### TRY IT:
All pictures must be left out as you transcribe the lines from the first line of the data to the line containing "initial HA elegant", both included.

[Opening MATERIAL PROVIDED section]

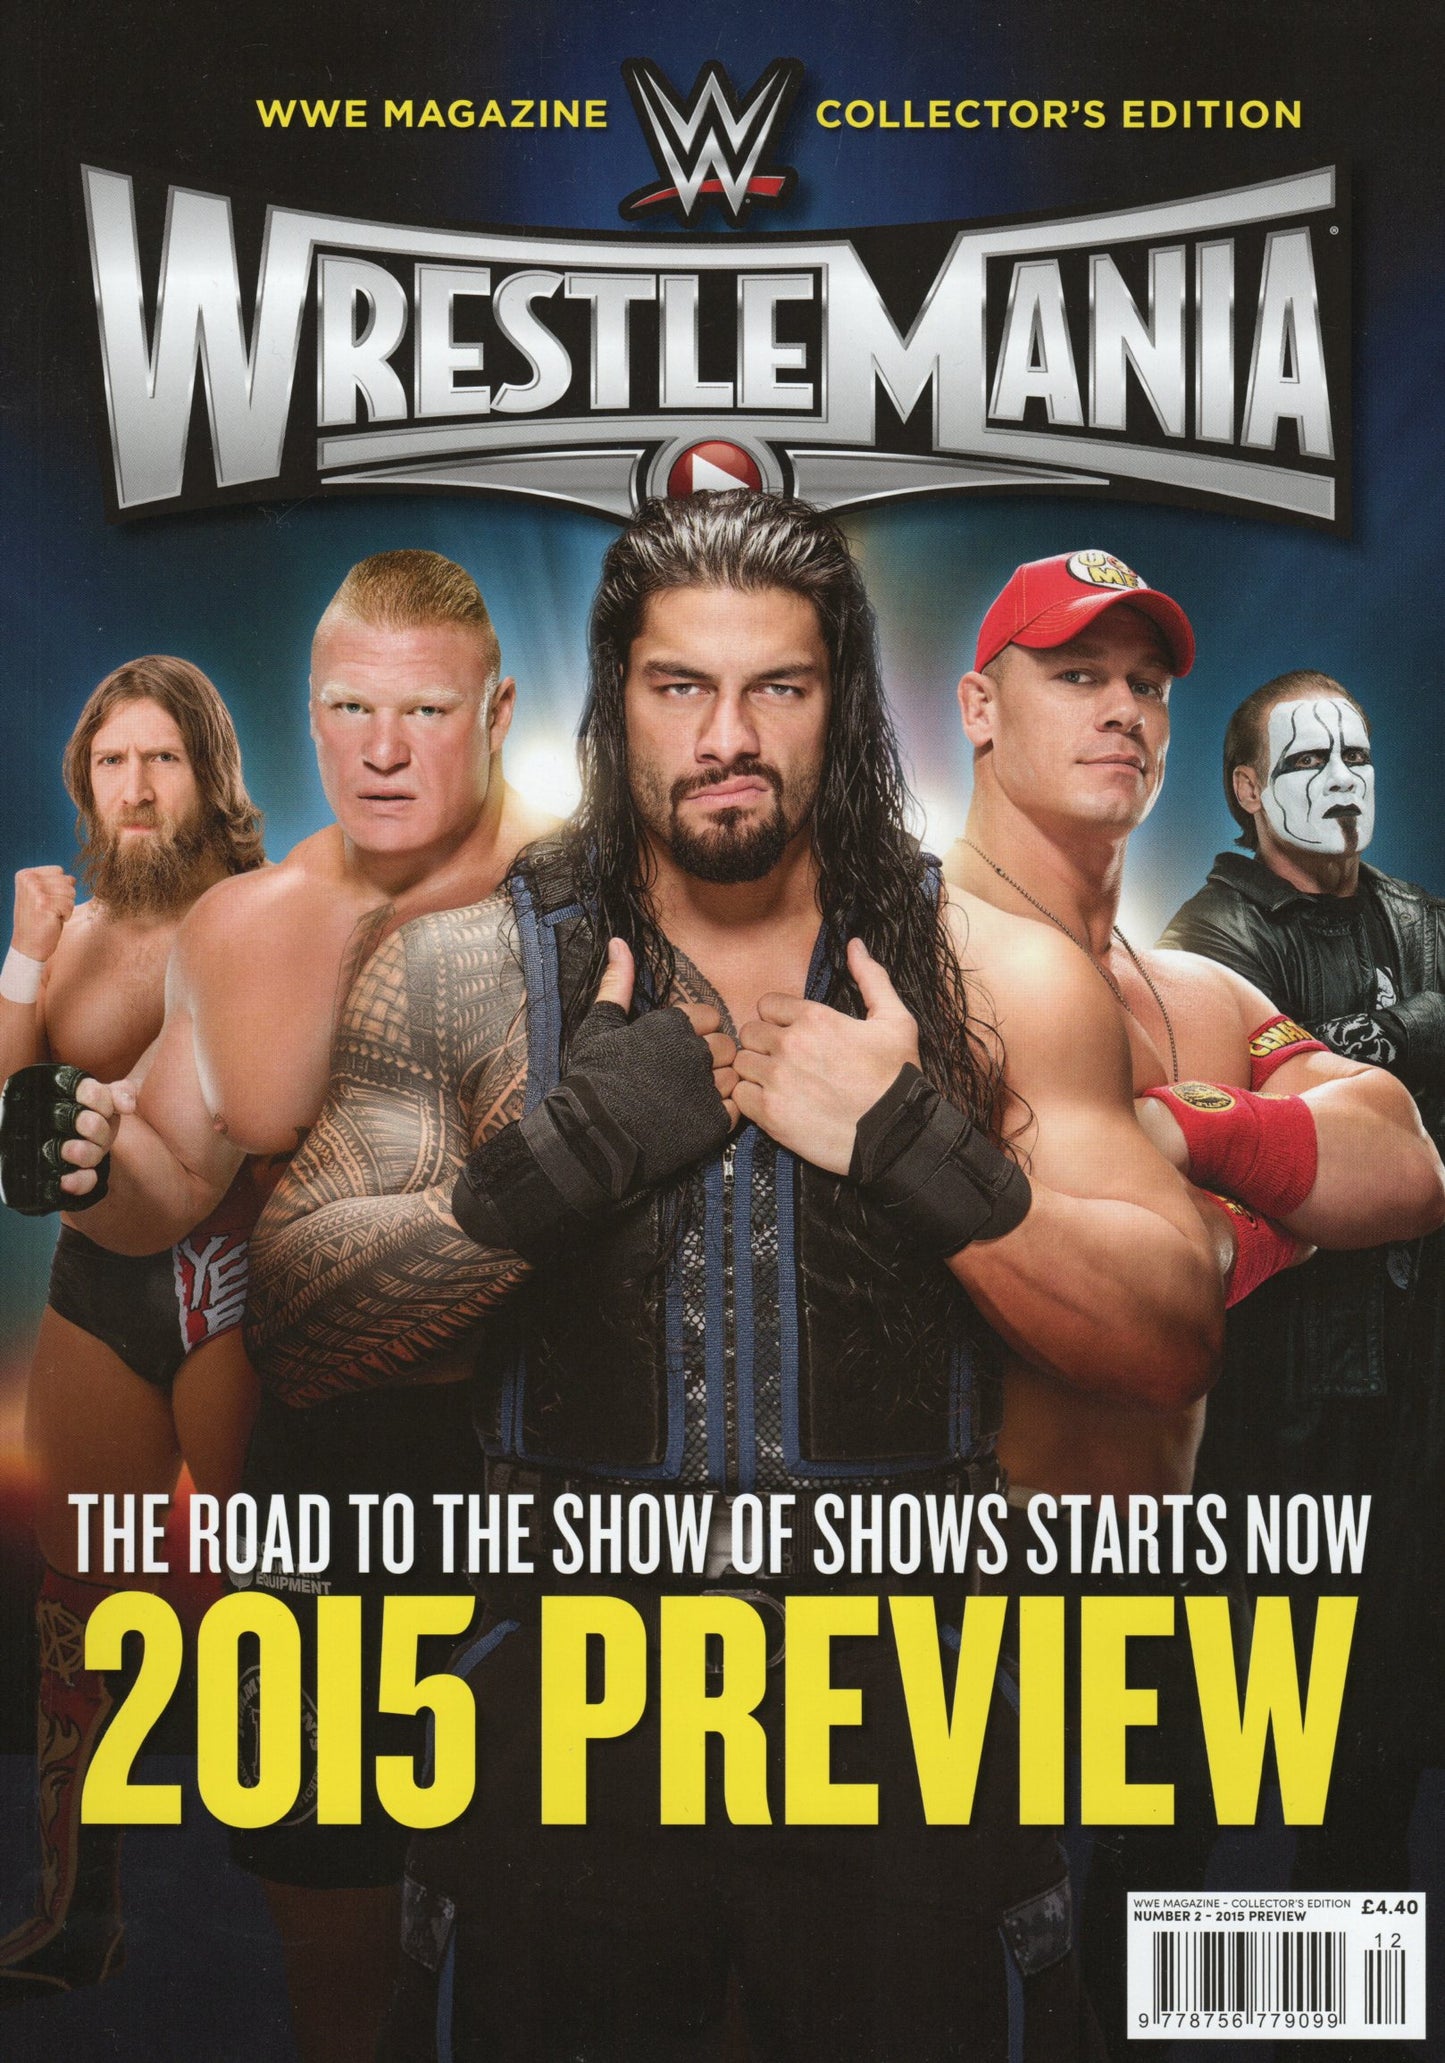 WWE Magazine Wrestlemania 2015 Preview Collector's Edition
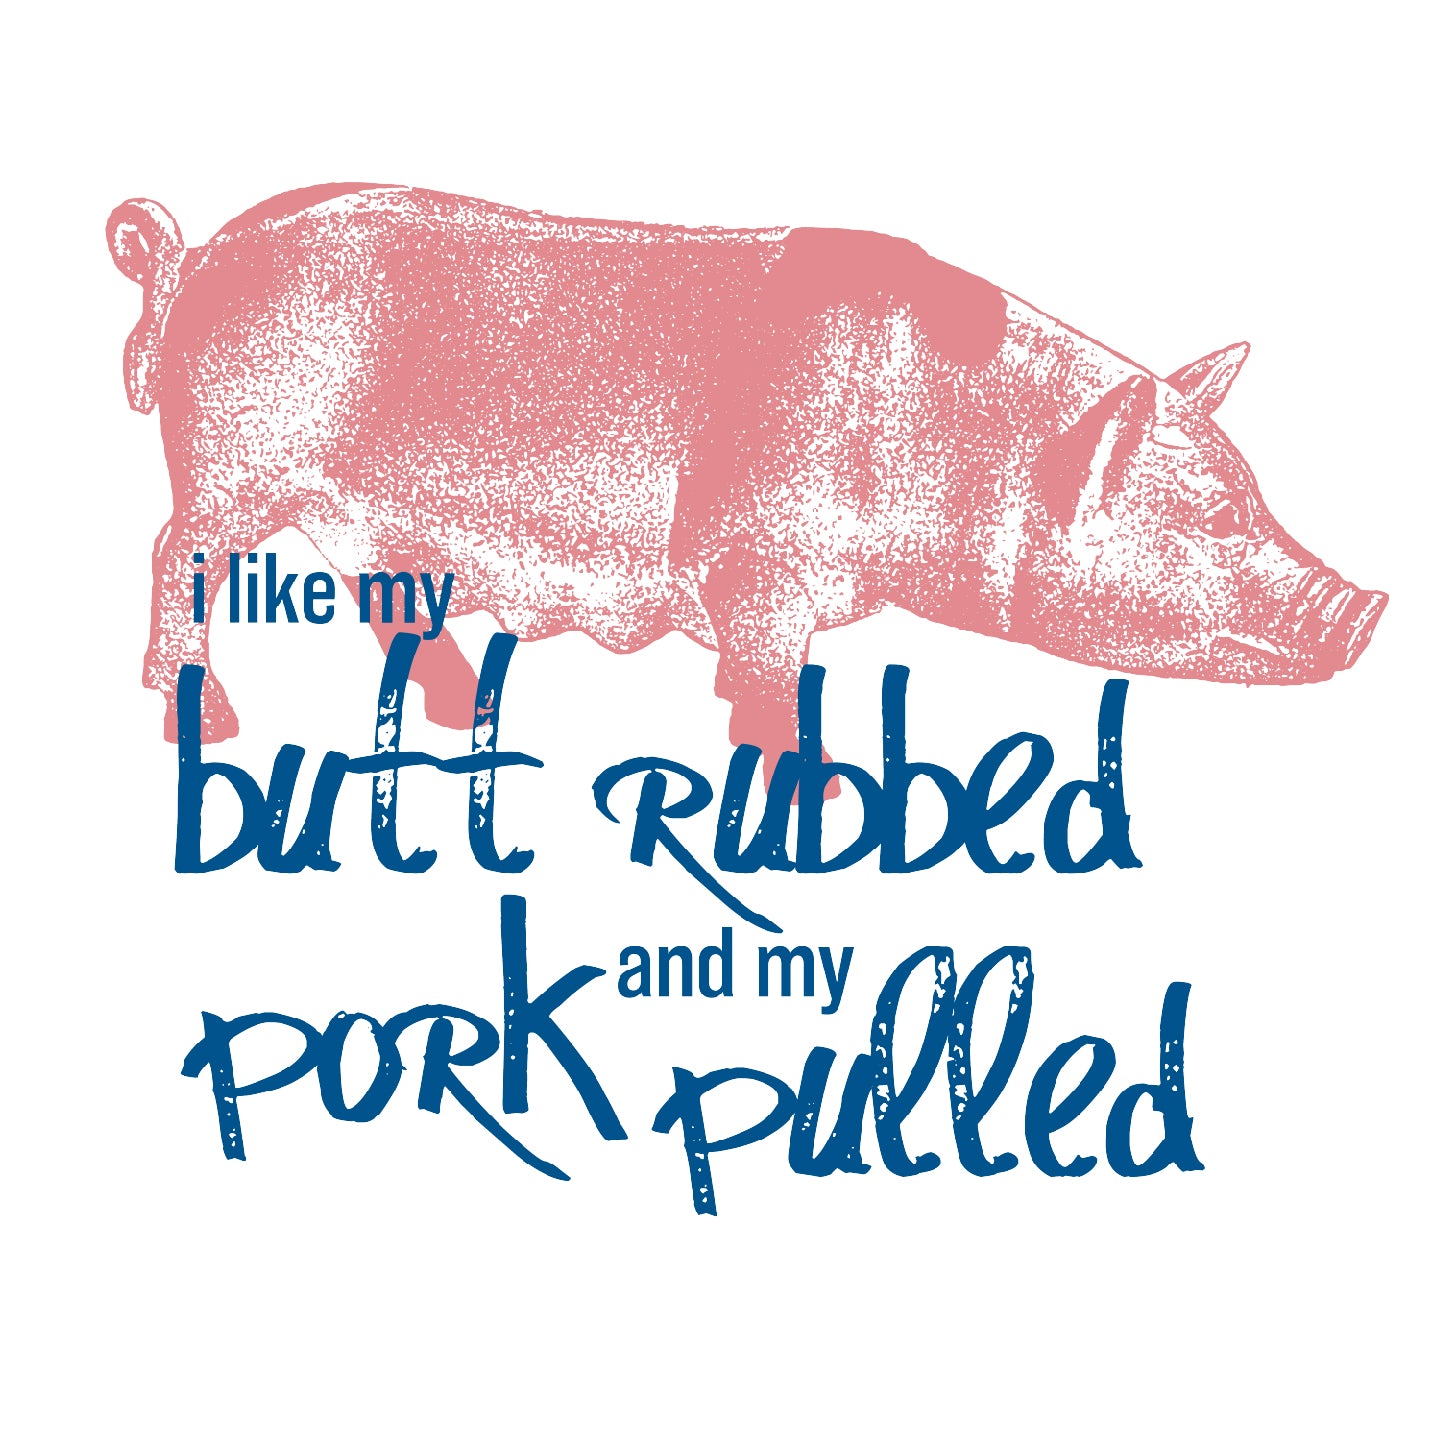 I Like my butt rubbed, and my pork pulled.
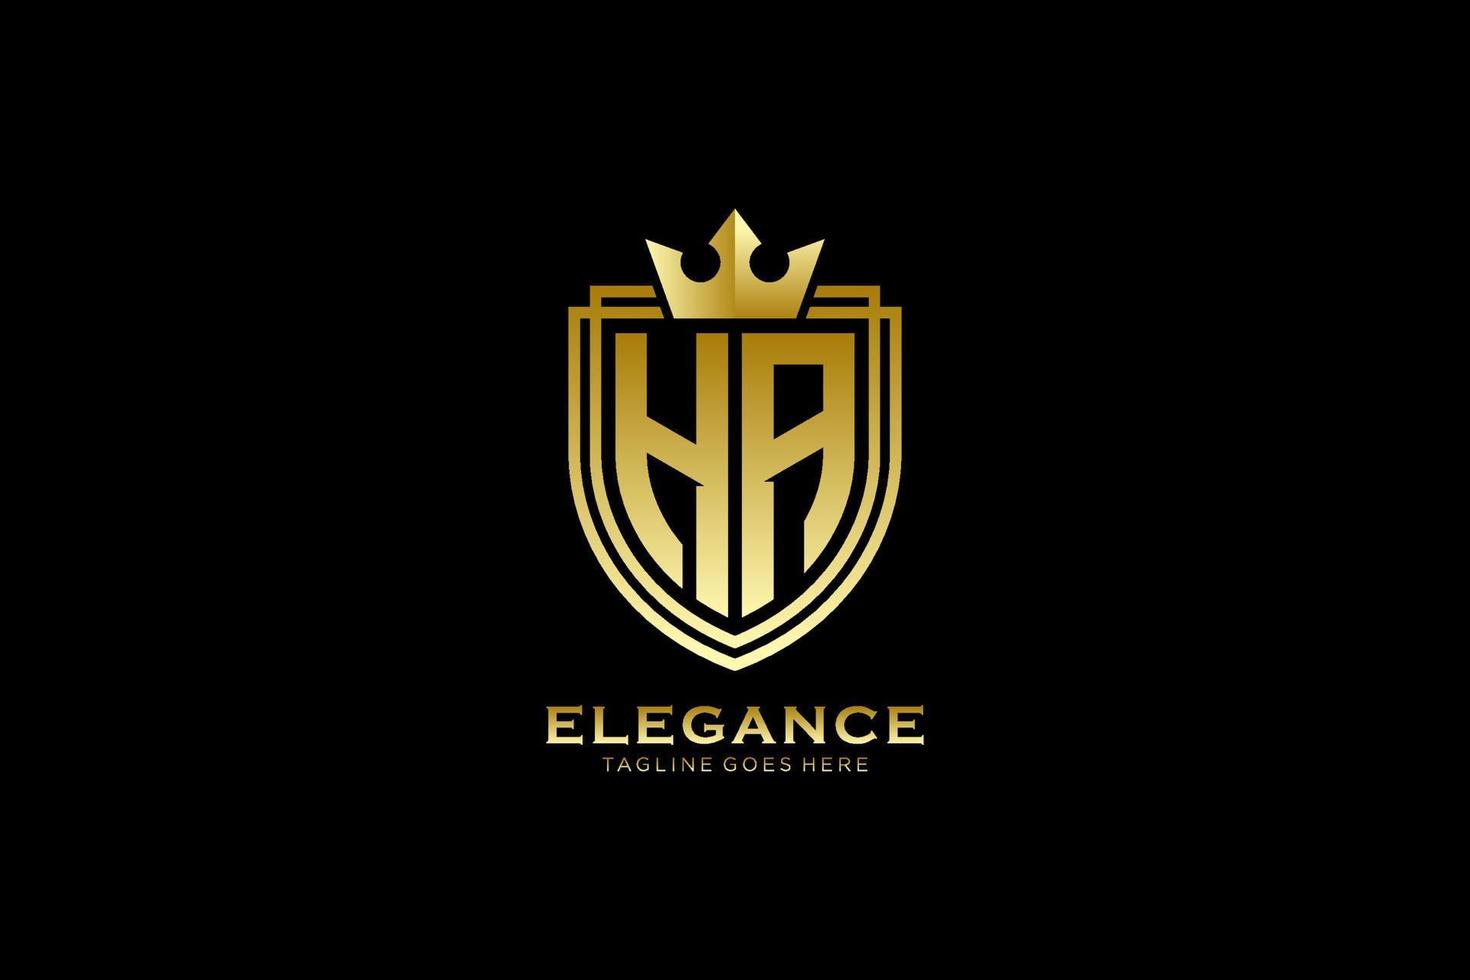 initial HA elegant luxury monogram logo or badge template with scrolls and royal crown - perfect for luxurious branding projects vector
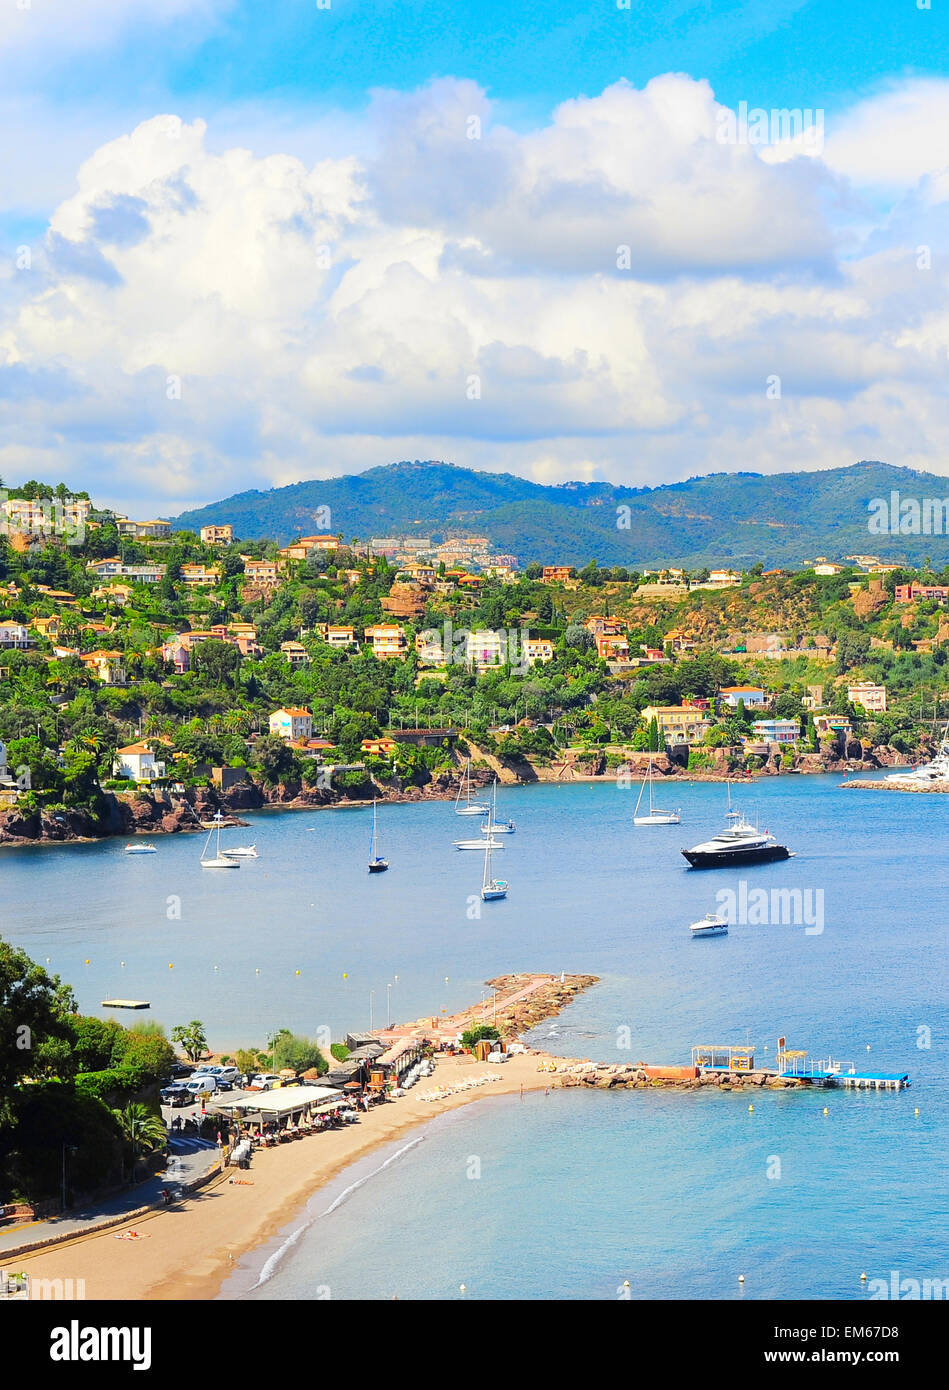 Luxury beach, yachts and boats. French Riviera, Azure Coast or Cote d Azur, Provence, France Stock Photo
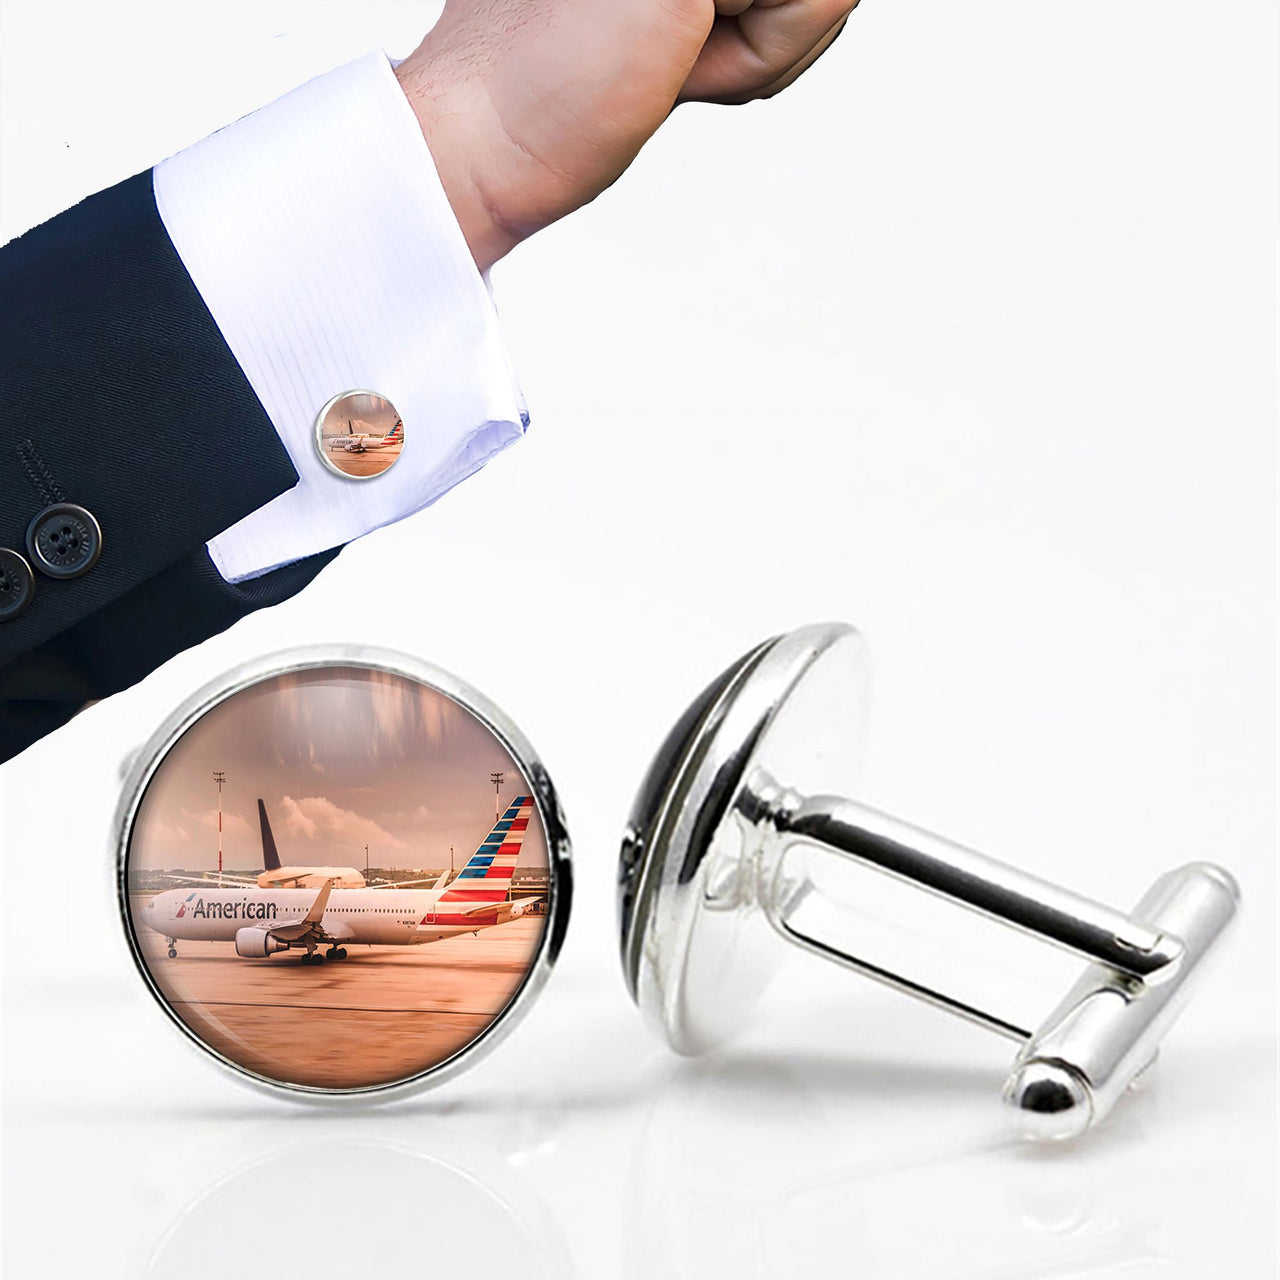 American Airlines Boeing 767 Designed Cuff Links

[Closing MATERIAL PROVIDED section]

### THE COMPLETED TASK:
 WWE Magazine Wrestlemania 2015 Preview Collector's Edition
 I Like my butt rubbed, and my pork pulled.
 initial HA elegant luxury monogram logo or badge template with scrolls and royal crown - perfect for luxurious branding projects vector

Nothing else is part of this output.